Didalam UU sudah diatur secara jelas tata cara sebelum memberikan


tindakan medis kepada pasien, dan tata cara membuat suatu lembar persetujuan
(informed consent) yang baik dan benar. Namun pihak rumah sakit tidak
menjelaskan secara jelas tindakan yang dilakukan, resiko yang mungkin terjadi,
tujuan dilakukan tindakan tersebut, serta tidak mencantumkan biaya secara jelas.
Dan kesepakatan yang dibuat tidak tertera di lembar persetujuan yang
ditandatangani oleh pihak keluarga.
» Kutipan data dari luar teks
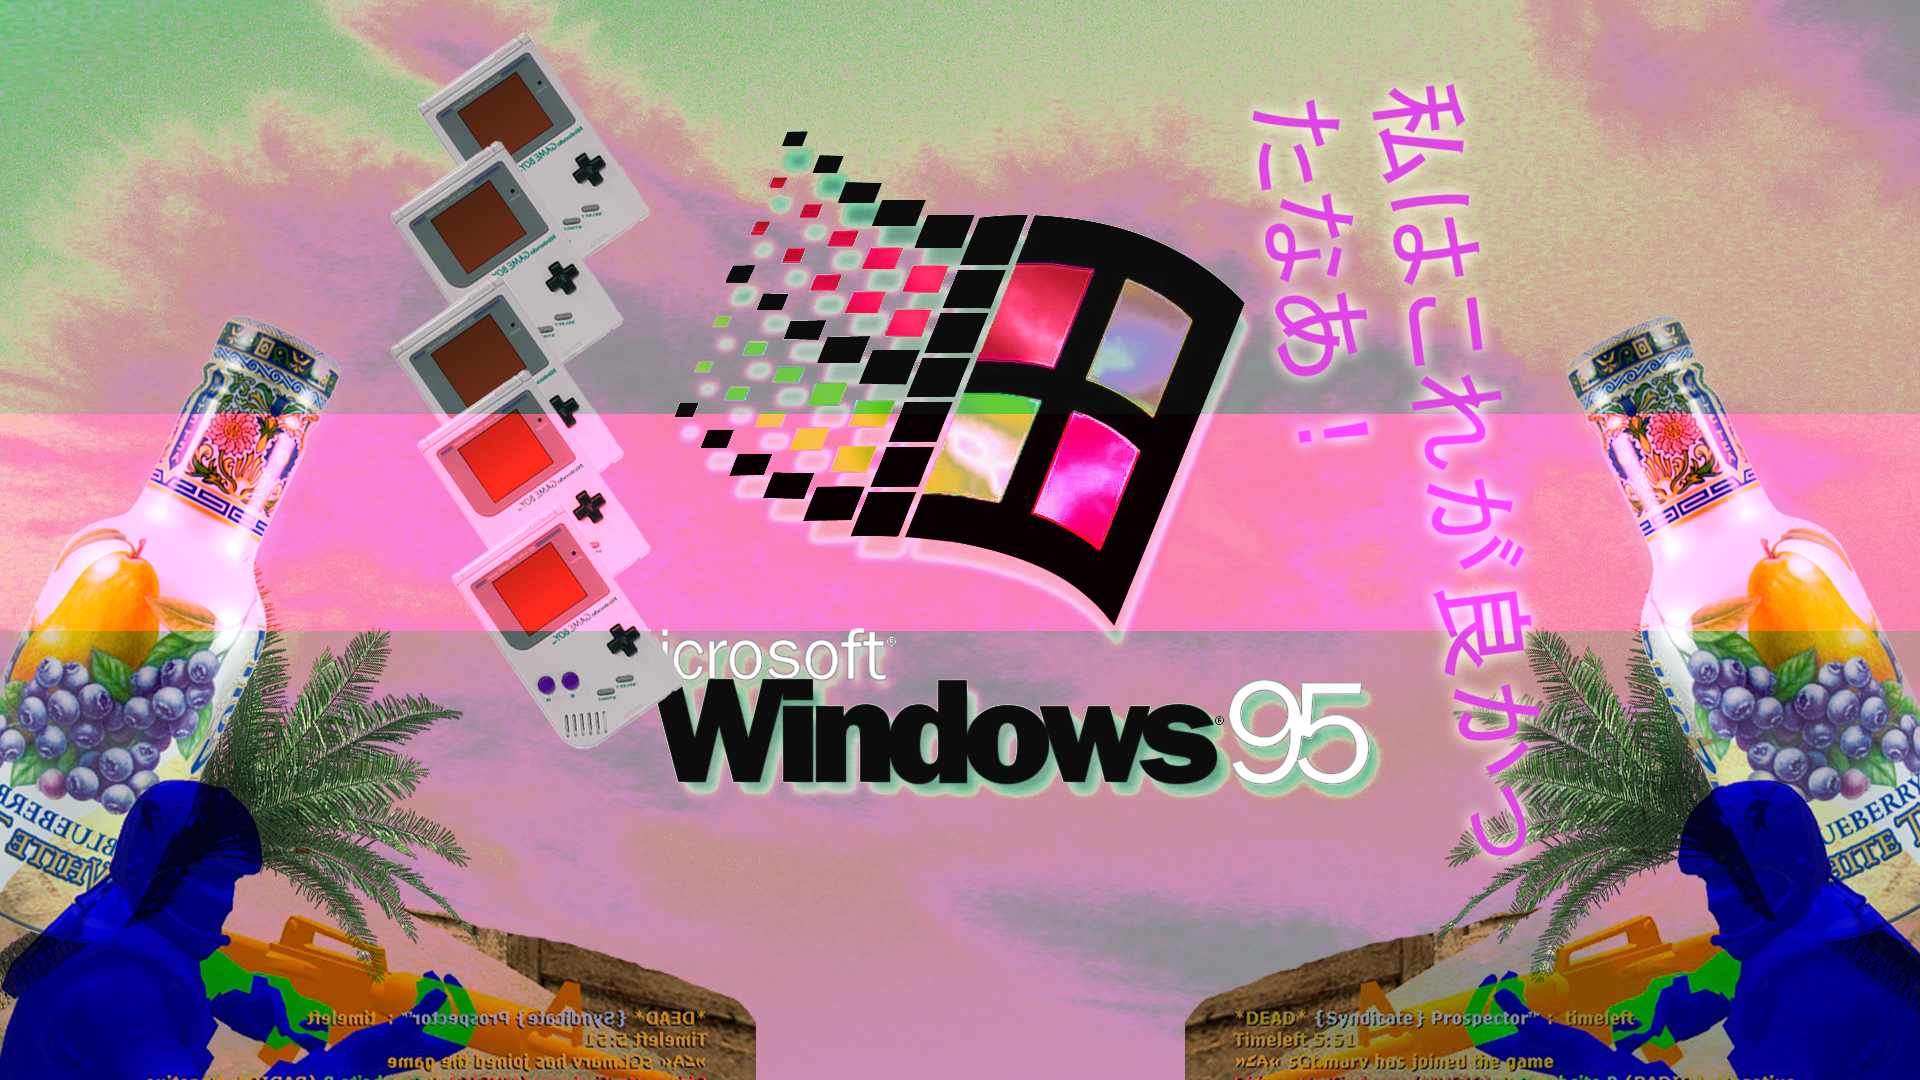 General 1920x1080 vaporwave synthwave Windows 95 computer

Bisa dicurigai adanya kesengajaan yang
dilakukan oleh pihak rumah sakit dalam menentukan biaya perawatan, dan
melanggar kesepakatan yang telah dibuat. Hal ini juga melanggar Peraturan
Menteri Kesehatan Republik Indonesia Nomor 585/Menkes/Per/IX/1989 Tentang
Persetujuan Tindakan Medis pada Bab I, Pasal 1 huruf (a).
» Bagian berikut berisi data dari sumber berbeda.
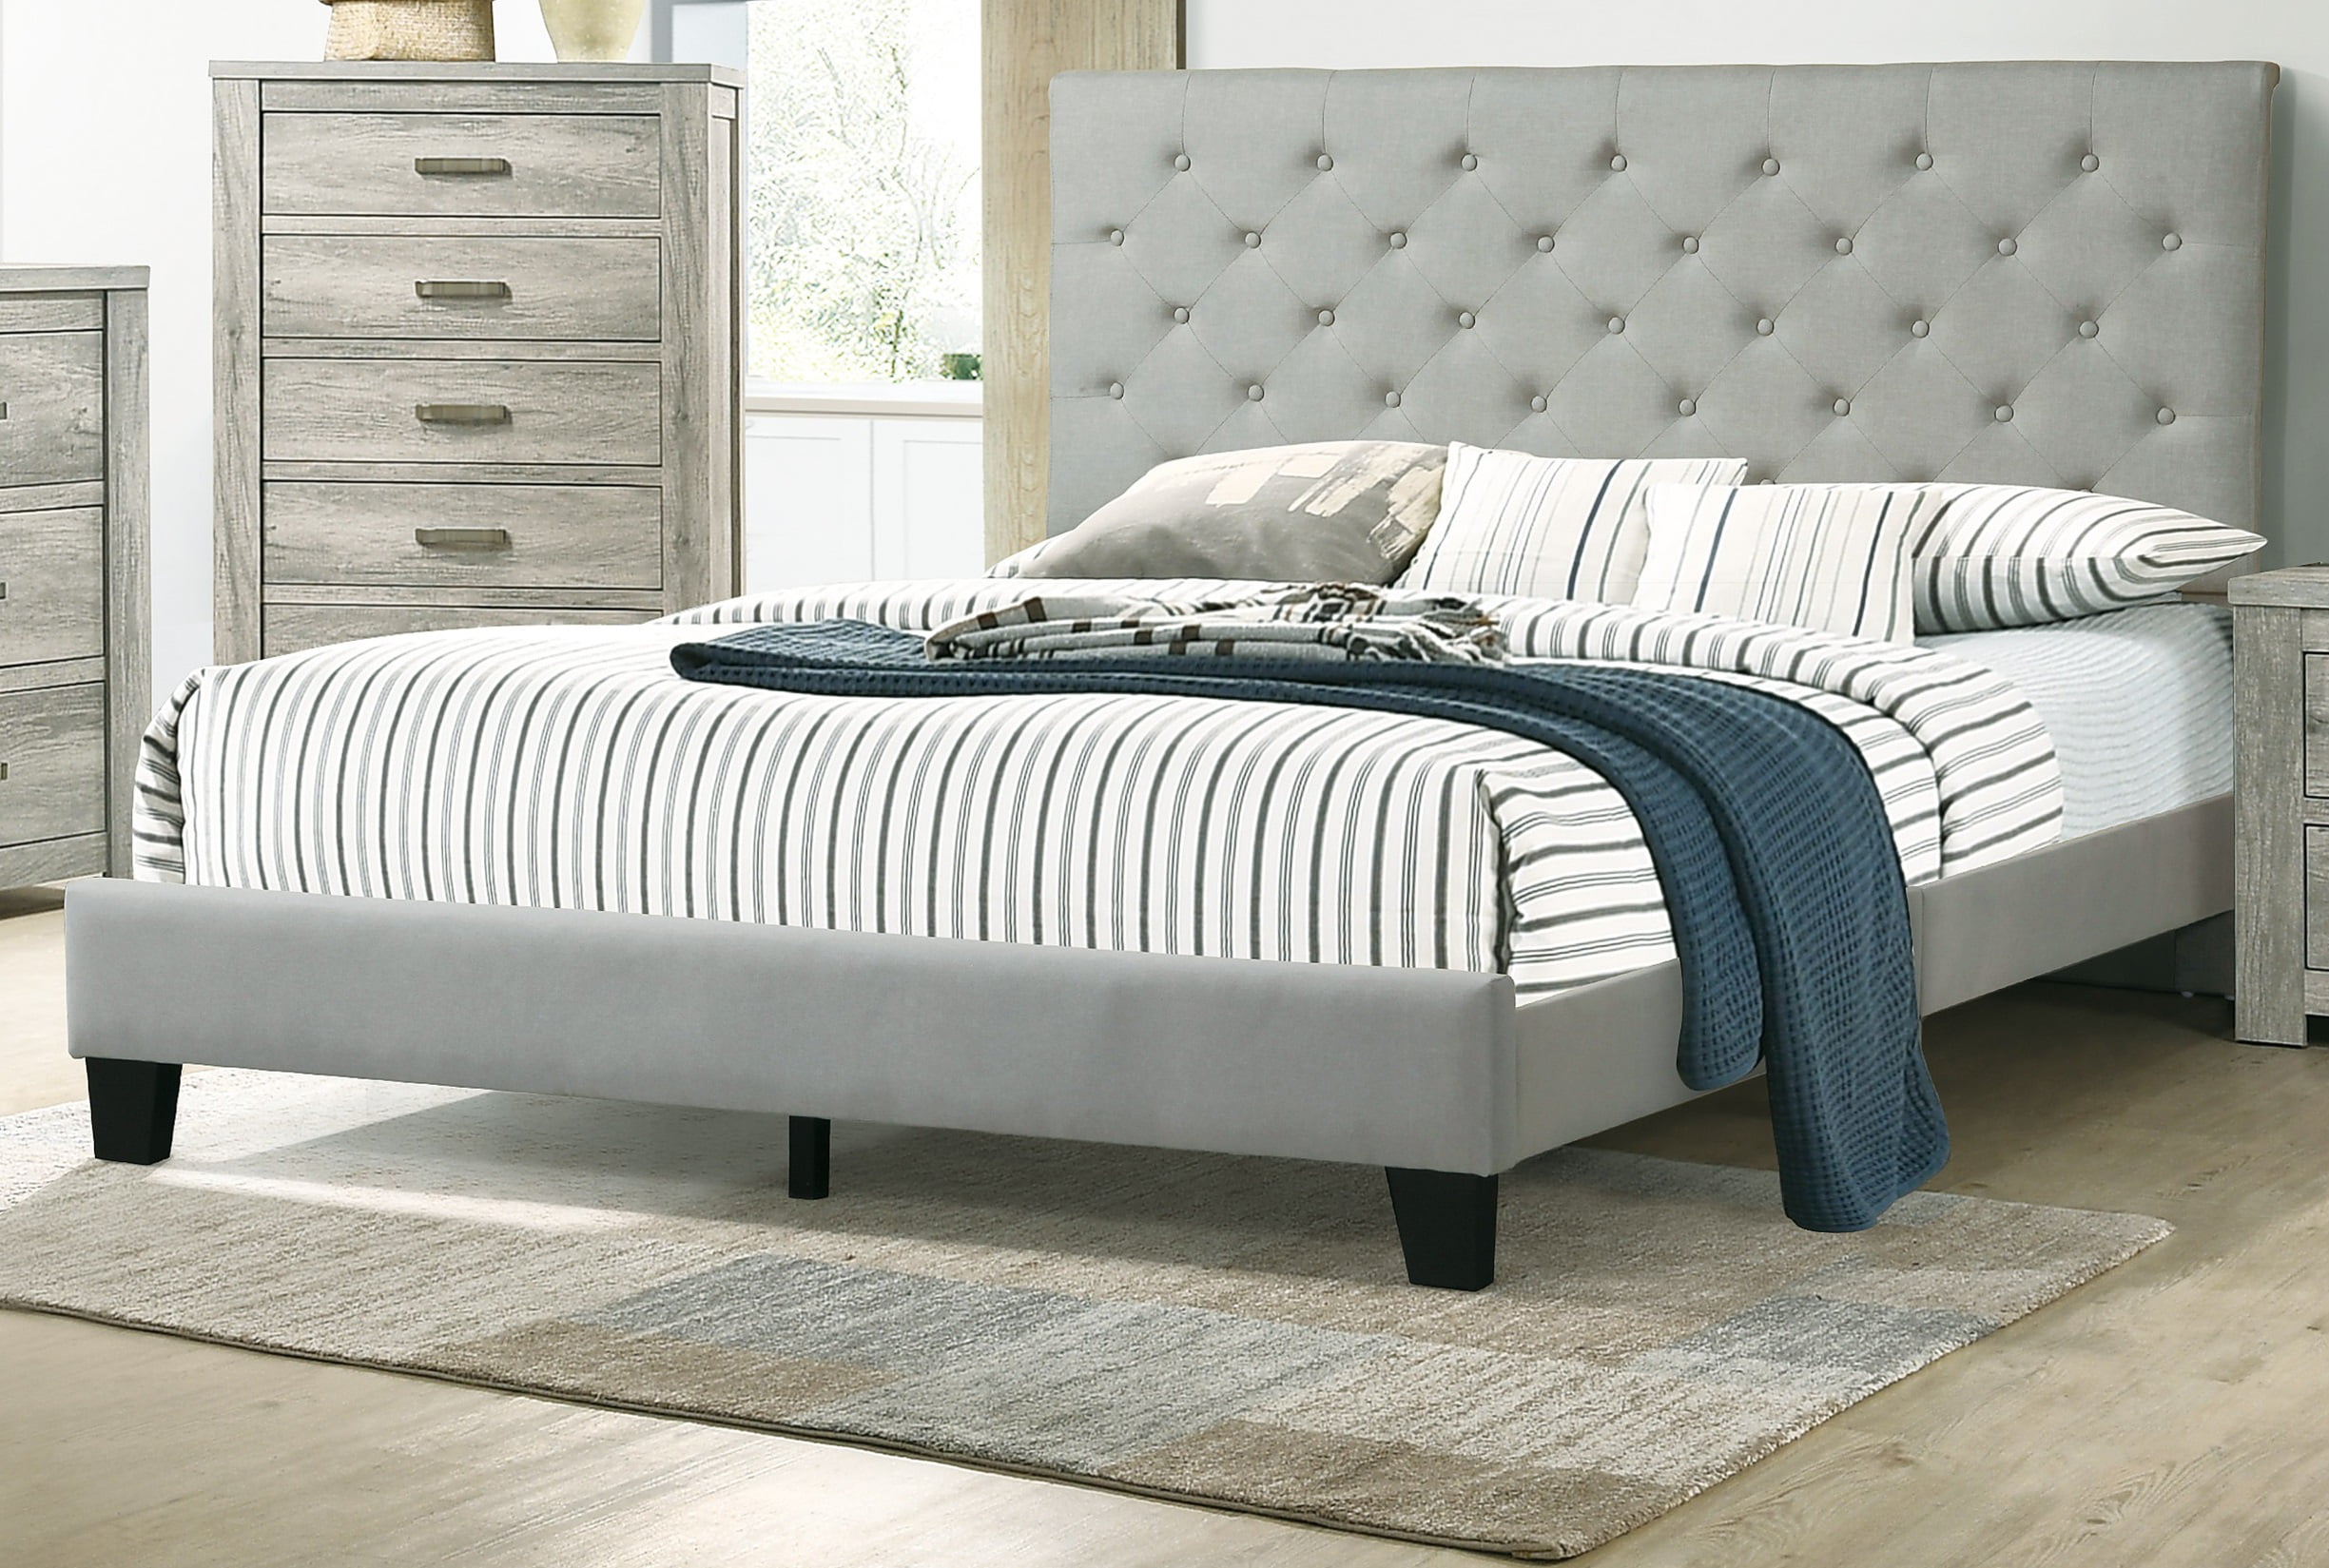 Eastern King Size Bed 1pc Set Gray, White Bedroom Furniture King Size Bed Frame

Pada kasus ini pihak rumah sakit terkesan lepas tangan dengan keadaan
dan aduan pasien dan hal ini tidak sesuai dengan salah satu tanggung jawab
hukum rumah sakit yaitu : memberikan perlindungan hukum terhadap
keselamatan pasien, masyarakat, lingkungan rumah sakit, dan sumber daya
manusia di rumah sakit. Dan memberikan kepastian hukum kepada pasien,
masyarakat, sunber daya menuasia rumah sakit, dan rumah sakit. Pihak rumah
sakit terkesan tidak peduli dengan nasib pasien sehingga membiarkan Selviyanti
dan bayinya selama sebulan menunggu kepastian hukum dari kasus ini dengan
disandra di rumah sakit.

Kesimpulan :
Setelah dikaji dari sisi hukum dan etika, kasus yang dialami oleh Selviyanti dan
bayinya dengan pihak RSUD Embung Fatimah merupakan suatu kasus
pelanggran hak pasien dengan melanggar perjanjian yang sudah disepakati.
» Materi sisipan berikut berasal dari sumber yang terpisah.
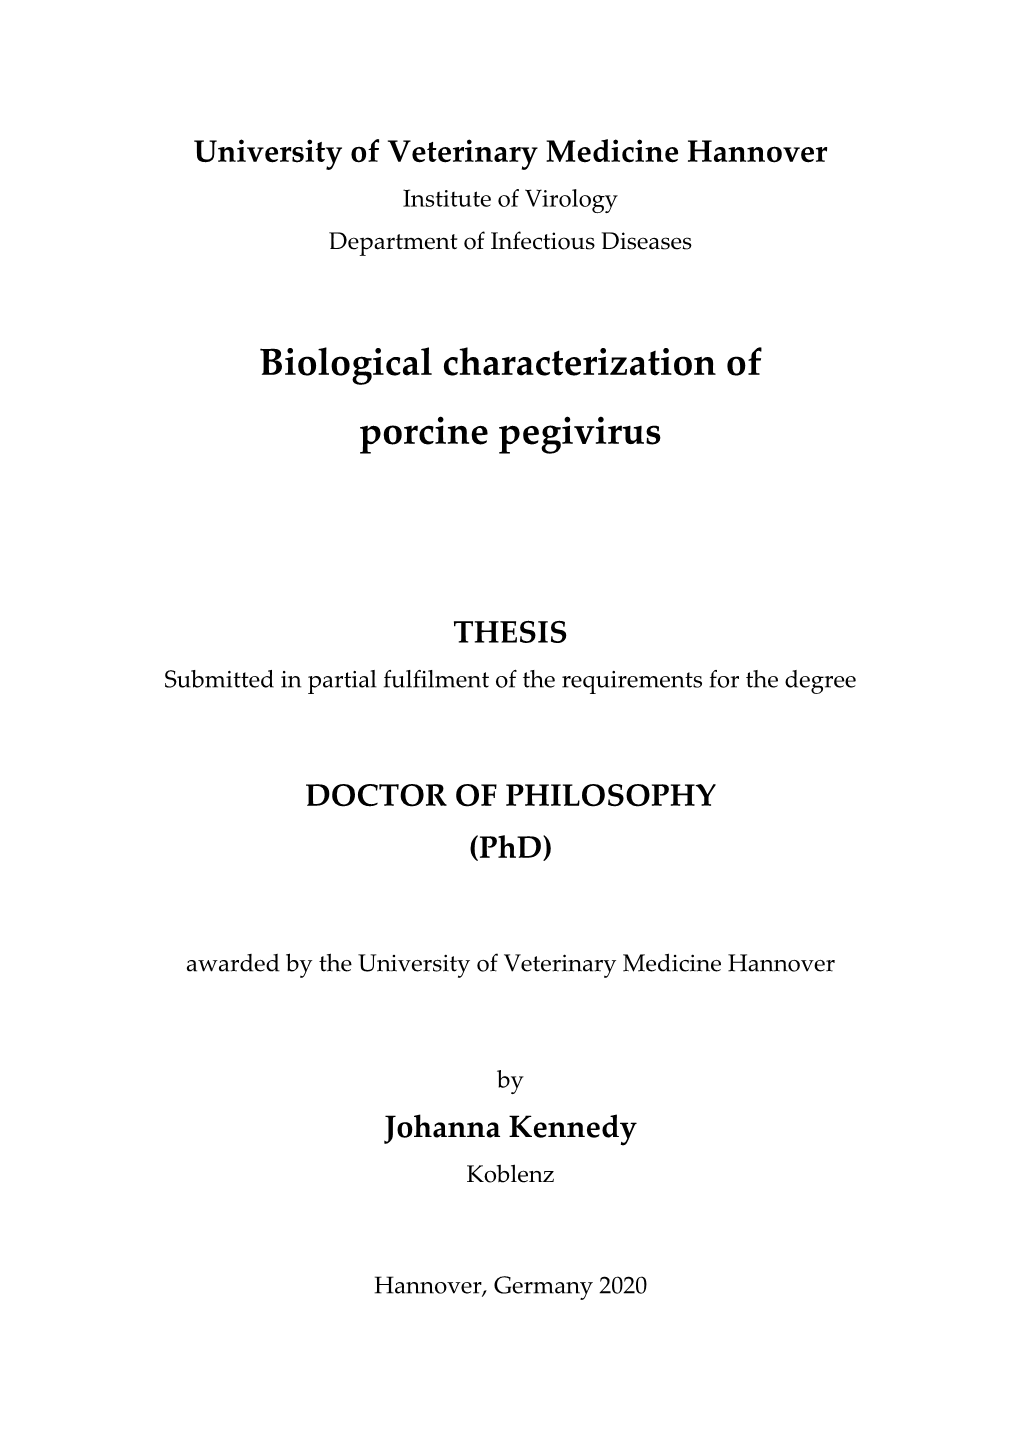 Biological Characterization of Porcine Pegivirus

Dimana perjanjian tersebut ditandai dengan penandatanganan lembar persetujuan
(informed consent). Hal tersebut sudah benar adanya, namun dalam kenyataan
informasi yang seharusnya diterima keluarga pasien tidak diberikan secara jelas
dan rinci oleh pihak rumah sakit. Penjelasan tersebut mengenai keadaan pasien
sebelum tindakan, diagnosa pasien, resiko yang mungkin terjadi, dan biaya
perawatan. Pada saat dilakukan perjanjian, pihak keluarga sudah menjelaskan dan
melampirkan data bahwa pasien menggunakan BPJS dan oleh pihak rumah sakit
pelunasan pembayaran hanya sebesar Rp.1.500.000, namun dalam
pelaksanaannya tidak sesuai dengan kesepakatan, hal ini sudah bisa dianggap
suatu pelanggaran kesepakatan dan harus mendapatkan sanksi. Ditambah lagi
pihak rumah sakit terkesan lepas tangan dan tidak peduli dengan keadaan dan
aduan keluarga pasien tentang hal ini, padahal itu masuk dalam salah satu
tanggung jawab hukum rumah sakit dalam memberikan perlindungan dan
kepastian hukum kepada pasien..

Rekomendasi :
Diharapkan dengan adanya kasus ini dapat dijadikan suatu pembelajaran dan
contoh. Sebagai pasien sudah seharusnya mendapatkan hak yang adil dalam
pengambilan keputusan akan tindakan medis yang diterima dengan memperoleh
informasi yang selengkap-lengkapnya diberikan pihak rumah sakit yang
direalisasikan dengan adanya lembar persetujuan (informed consent). Dan dalam
informed consent seharusnya terdapat informasi yang jelas sesuai dengan aturan
yang sudah ditetapkan. Lembar persetujuan tidak hanya sekedar kertas yang perlu
ditandatangani oleh pasien sebelum mendapat tindakan medis namun itu bernilai
hukum, dimana didalamnya dijelaskan tentang hak dan kewajiban pasien serta
rumah sakit, dan dalam pelaksanaannya harus sesuai dengan kesepakatan yang
telah dibuat, dan apabila dilanggar dapat mengajukan ke ranah hukum. Selain itu
sudah seharusnya pihak rumah sakit melaksanakan tanggung jawab hukum sesuai
dengan UU No.44 Tahun 2009 pasal 3 yaitu :
1. Mempermudahkan akses masyarakat dalam mendapatkan pelayanan
kesehatan.
2. Memberikan perlindungan hukm terhadap keselamatan
pasien,masyarakat,lingkungan rumah sakit, dan sumber daya manusia di
rumah sakit.
3. Meningkatkan mutu dan mempertahankan standar pelayanan rumah sakit.
4. Memberikan kepastian hukum kepada pasien, masyarakat, sumber daya
manusia rumah sakit, dan rumah sakit.